Basically 1) the fact that you use the same Go variable doesn't mean that the compiler does the same; 2) the fact that you call new doesn't mean that you always get heap memory.

Not sure whether or how to fix this. Does it come up in a real program?

CC @randall77

mattn commented 7 years ago

As long as curr.next holds the reference of *Node (i.e. strong reference), it will not be freed, I belieave. So if make it gc, Node should have uintptr instead of *Node.

package main

import (
    "runtime"
    "unsafe"
)

type Node struct {
    next    uintptr
    payload [64]byte
}

func main() {
    curr := new(Node)
    for {
        curr.next = uintptr(unsafe.Pointer(new(Node)))
        curr = (*Node)(unsafe.Pointer(curr.next))
        runtime.GC()
    }
}

Of course this is a dangerous code. Because the value indicated by next may be a pointer already freed.

davecheney commented 7 years ago

@mattn

As long as curr.next holds the reference of *Node (i.e. strong reference), it will not be freed,

But curr is overwritten every loop, so on the next loop, curr.next is actually curr.next.next and so on. The previous value held in curr is now unreferenced so even though it's next field points to the current curr nothing points to it, the previous value of curr; ergo, it's garbage.

davecheney commented 7 years ago

@ianlancetaylor thanks for the explanation. I think, irrespective of if this comes up in real code or not, it's still quite a serious bug.

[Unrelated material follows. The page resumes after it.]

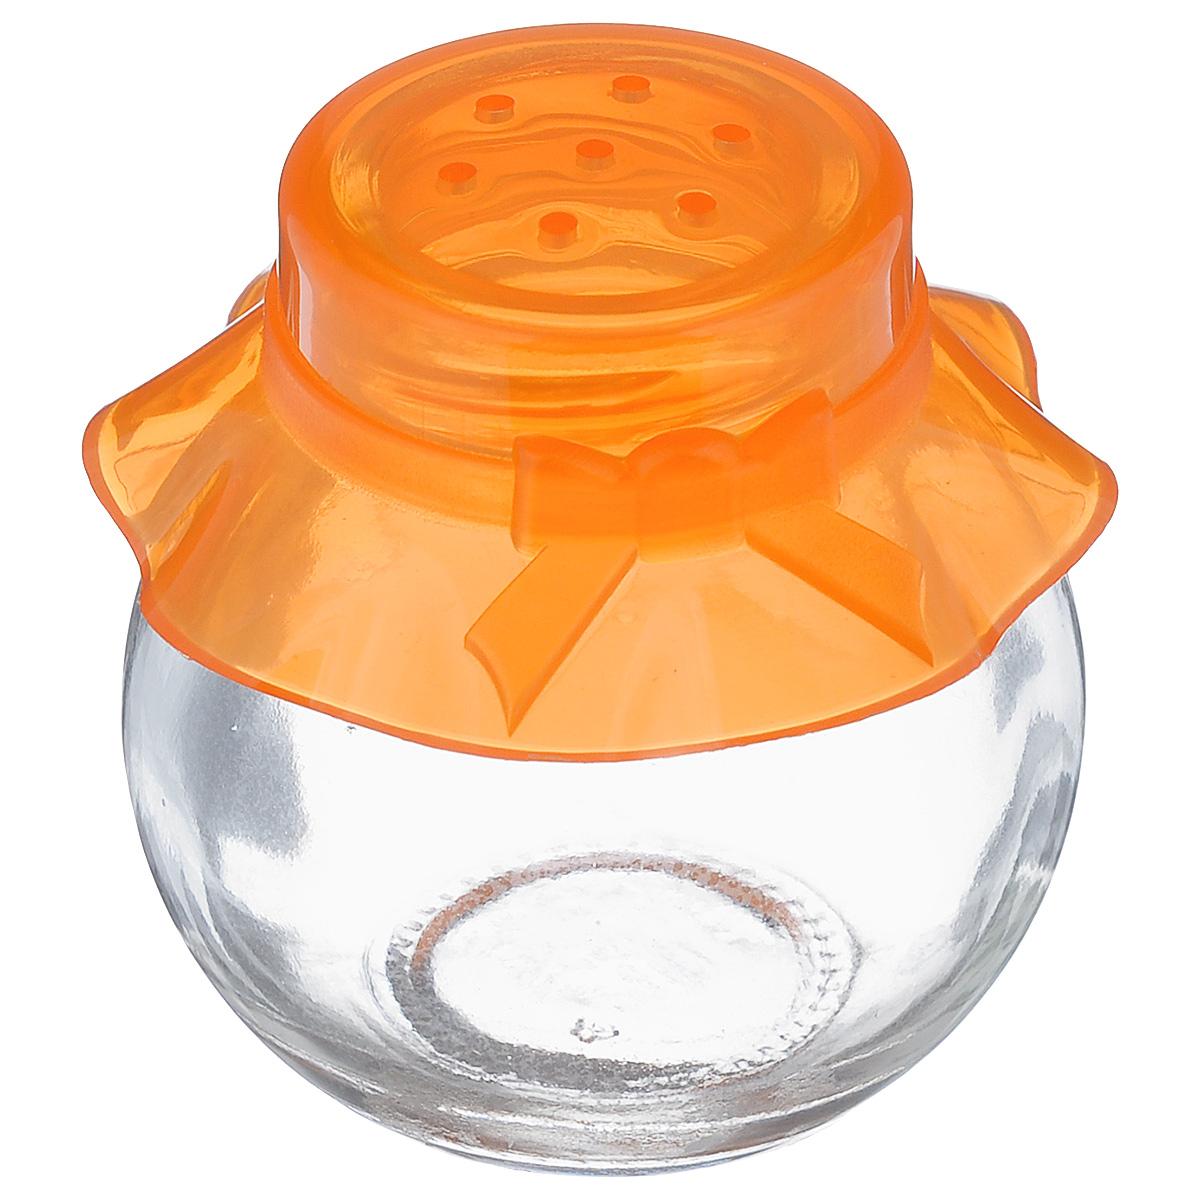 Банка для специй Herevin, цвет: прозрачный, оранжевый, 60 мл. 121051-000121051-000_оранжевыйБанка для специй Herevin выполнена из прозрачного стекла и оснащена пластиковой цветной крышкой с отверстиями, благодаря которым, вы сможете приправить блюда, просто перевернув банку. Крышка легко откручивается, благодаря чему засыпать приправу внутрь очень просто. Такая баночка станет достойным дополнением к вашему кухонному инвентарю. Можно мыть в посудомоечной машине. Объем: 60 мл. Диаметр (по верхнему краю): 2,5 см. Высота банки (без учета крышки): 5,5 см.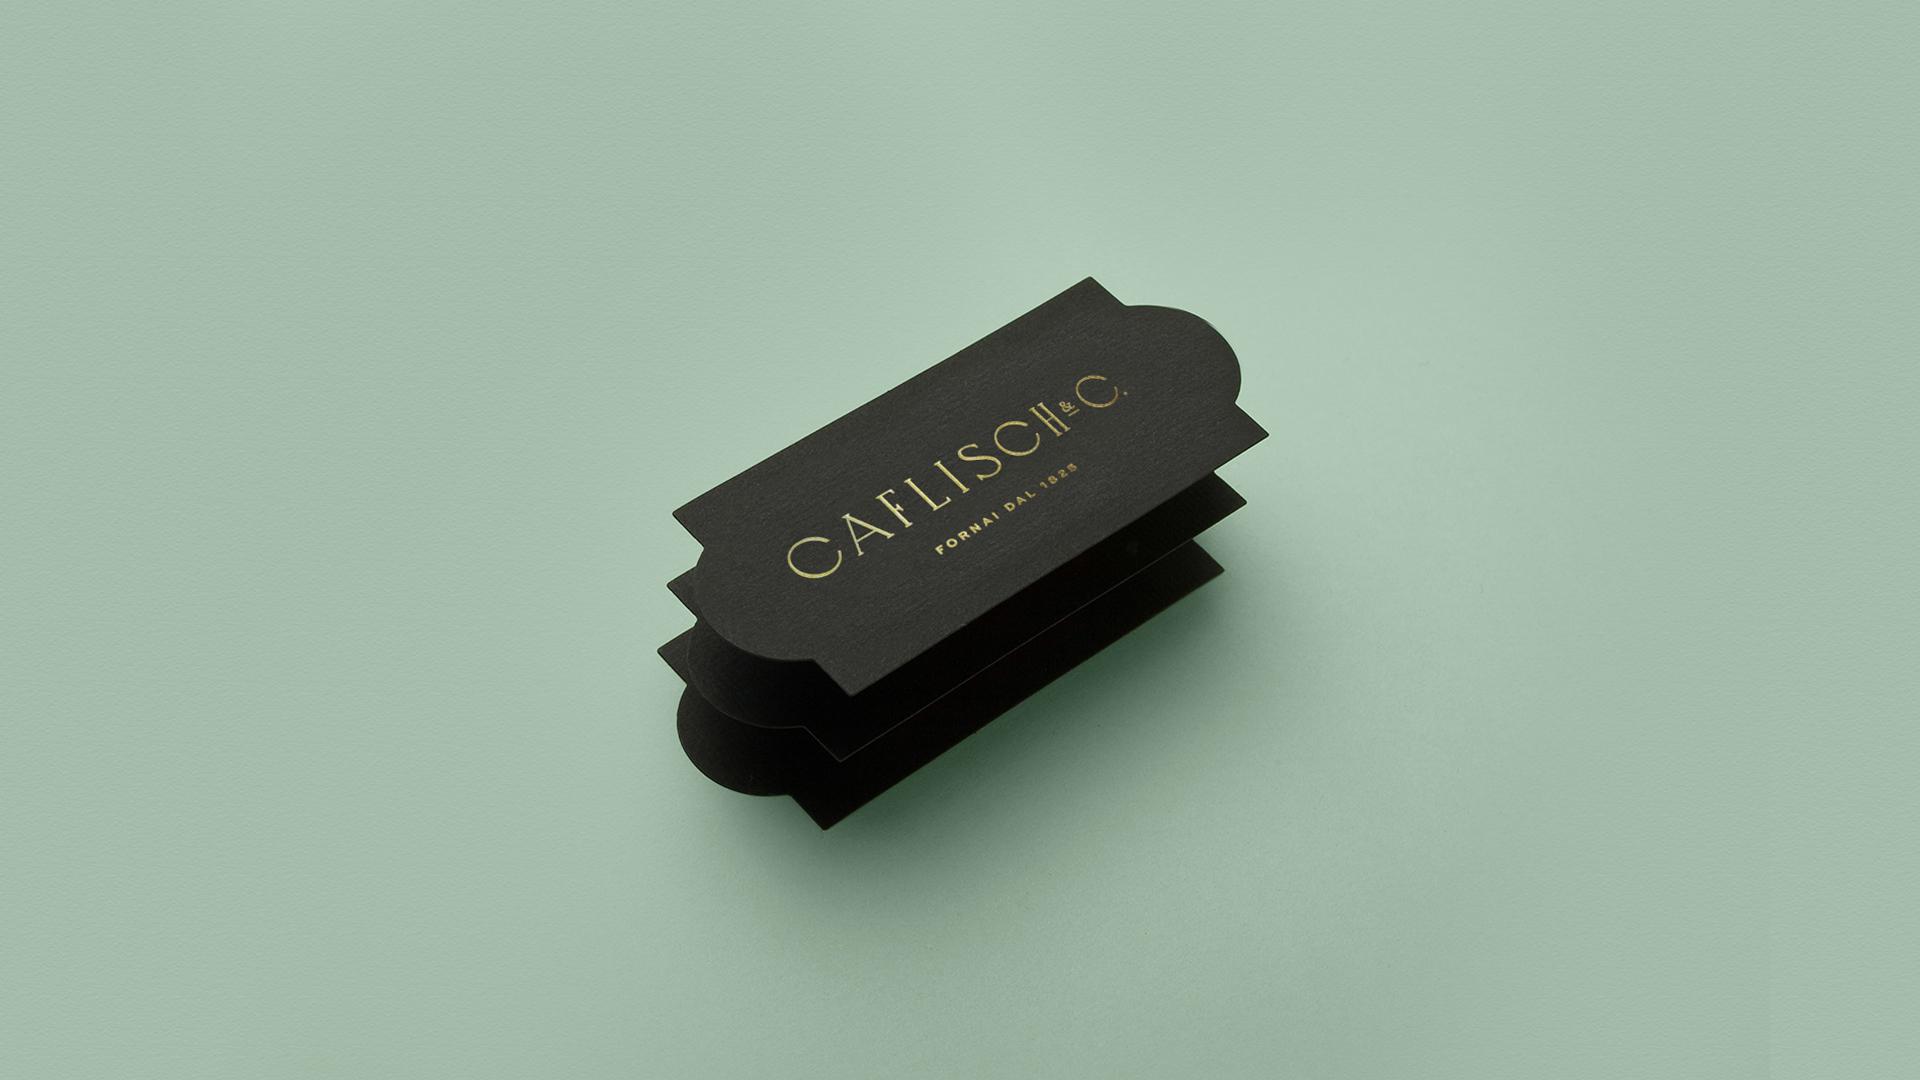 Caflisch & Co

mattn commented 7 years ago

@davecheney curr is overwritten but not overwritten the memory block pointed by curr. pointer is a reference just not a value. if something refer the memory block, GC can sweep for marking.

mattn commented 7 years ago

@davecheney It GC collect the unreferenced-value immediately as you mentioned, following code can not make linked-list.

package main

type Node struct {
    next     *Node
    payload  [64]byte
}

func NewNode(curr *Node) *Node {
    newnode := new(Node)
    newnode.next = curr
    return newnode
}

func main() {
    curr := NewNode(nil)
    curr = NewNode(curr)
    curr = NewNode(curr)
}

davecheney commented 7 years ago

On 20 Oct 2017, at 17:00, mattn notifications@github.com wrote:

@davecheney curr is overwritten but not overwritten the memory block pointed by curr. pointer is a reference just not a value. if something refer the memory block, GC can sweep for marking.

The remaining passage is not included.